L'automne 1793 vit les Jacobins consolider leur autorité en France alors que le règne de la Terreur s'intensifiait et que les rivaux vaincus des Jacobins étaient guillotinés. Cependant, les Jacobins dominants étaient en désaccord sur la direction que devait prendre la Révolution française (1789-1799), ce qui les fit sombrer dans le factionnalisme. La lutte pour le pouvoir qui s'ensuivit se termina par la victoire de Maximilien Robespierre (1758-1794).
Dictature par comité
La déclaration de la Terreur comme "ordre du jour" le 5 septembre 1793 marqua le début du règne du Comité de salut public, un corps de douze hommes dont la mainmise sur la France a parfois été qualifiée de dictature jacobine. L'objectif apparent du règne de la Terreur du Comité était de sauver la République française des mauvais acteurs qui corrompaient son corps politique - sacrifier un membre gangrené pour sauver le reste du corps, selon les termes imagés de Jacques Billaud-Varenne, membre du Comité.

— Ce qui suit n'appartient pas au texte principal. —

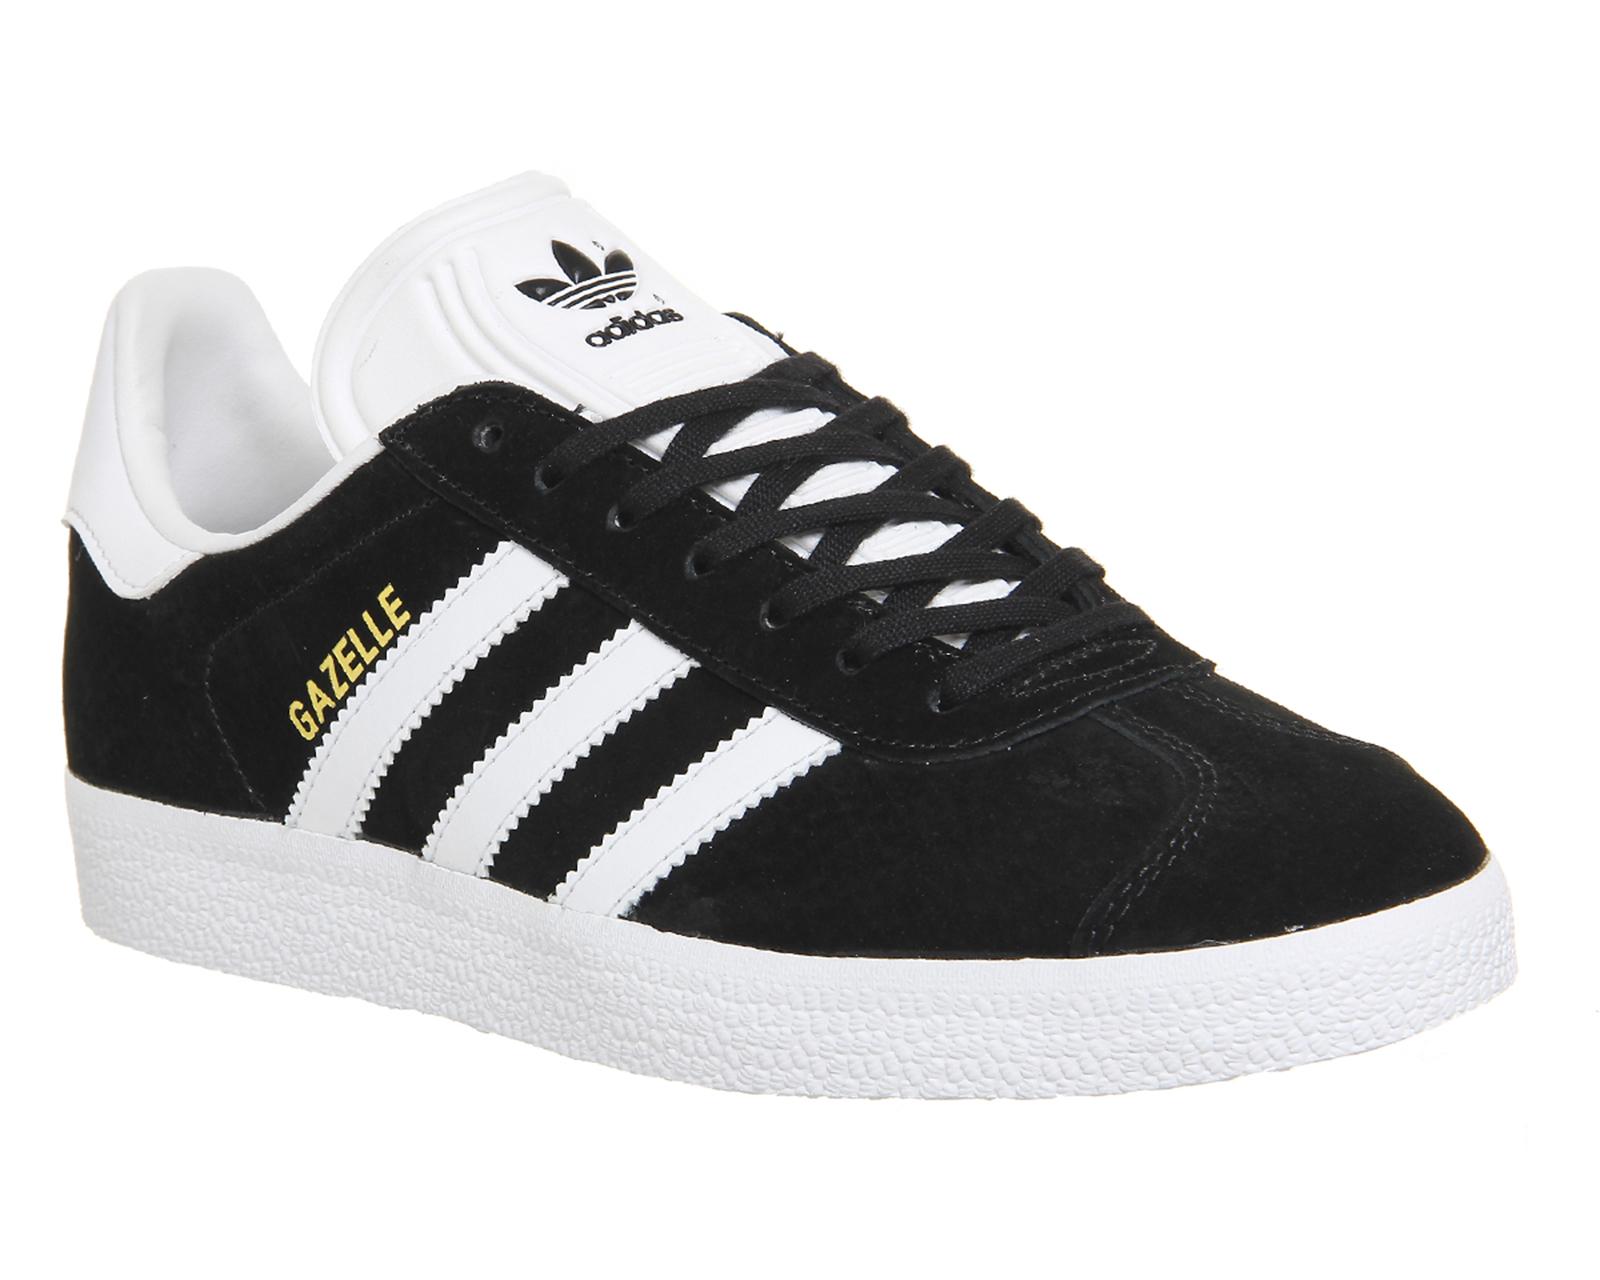 adidas gazelles buy core black white adidas gazelle from office.co.uk. BYSXPWH

Dans l'esprit de cette amputation patriotique, le Comité promulgua la loi des suspects le 17 septembre, qui conduisit à l'arrestation de centaines de milliers de personnes dans tout le pays, toutes accusées d'activités contre-révolutionnaires. Le contrôle étroit exercé par le Comité sur l'armée française conduisit à la répression brutale des révoltes fédéralistes anti-Jacobins, ainsi qu'à une série de succès dans les guerres révolutionnaires françaises contre les puissances européennes. En outre, les Jacobins consolidèrent leur pouvoir en envoyant leurs anciens rivaux sous la lame de la guillotine ; les Girondins modérés, les Feuillants monarchistes et les aristocrates de l'ancien régime moururent les uns après les autres, leur sang remplissant les caniveaux de Paris.
Alors que la pile de cadavres s'accumulait, la Révolution elle prenait fin. Le 10 octobre, la Convention nationale décida que le gouvernement provisoire de la France resterait révolutionnaire (c'est-à-dire dictatorial) jusqu'à la paix, et la nouvelle Constitution de 1793 fut mise au placard avant même d'avoir pu être appliquée. Pour Robespierre, célèbre moralisateur, qui considérait que la vertu moralisatrice était la qualité la plus importante d'une république saine, cela était nécessaire pour purifier le corps politique et gagner la guerre étrangère. D'autres jacobins étaient mal à l'aise à l'idée d'une pause indéfinie dans une révolution apparemment sans fin et préconisaient différents modes d'action.
Les Hébertistes
À l'extrême gauche se trouvaient les Hébertistes qui revendiquaient le rôle de porte-parole des sans-culottes de la classe inférieure et qui dominaient le club radical des Cordeliers et la Commune de Paris. Les Hébertistes appellèrent à une accélération de la Terreur et à une escalade de la Révolution, ce qui prit la forme d'attaques contre la religion ; les Hébertistes supervisèrent un grand nombre des programmes de déchristianisation menés pendant la Terreur et soutenaient leur propre culte athée de la raison. Ce groupe était dirigé par de nouveaux venus dans le monde révolutionnaire, notamment Pierre Gaspard Chaumette, Charles-Philippe Ronsin et, bien sûr, Jacques René Hébert, le journaliste qui leur prêta son nom. Le journal outrancier et populaire d'Hébert, Le Père Duchesne, combla le vide laissé par l'assassinat de Marat en matière d'appels provocateurs à l'action.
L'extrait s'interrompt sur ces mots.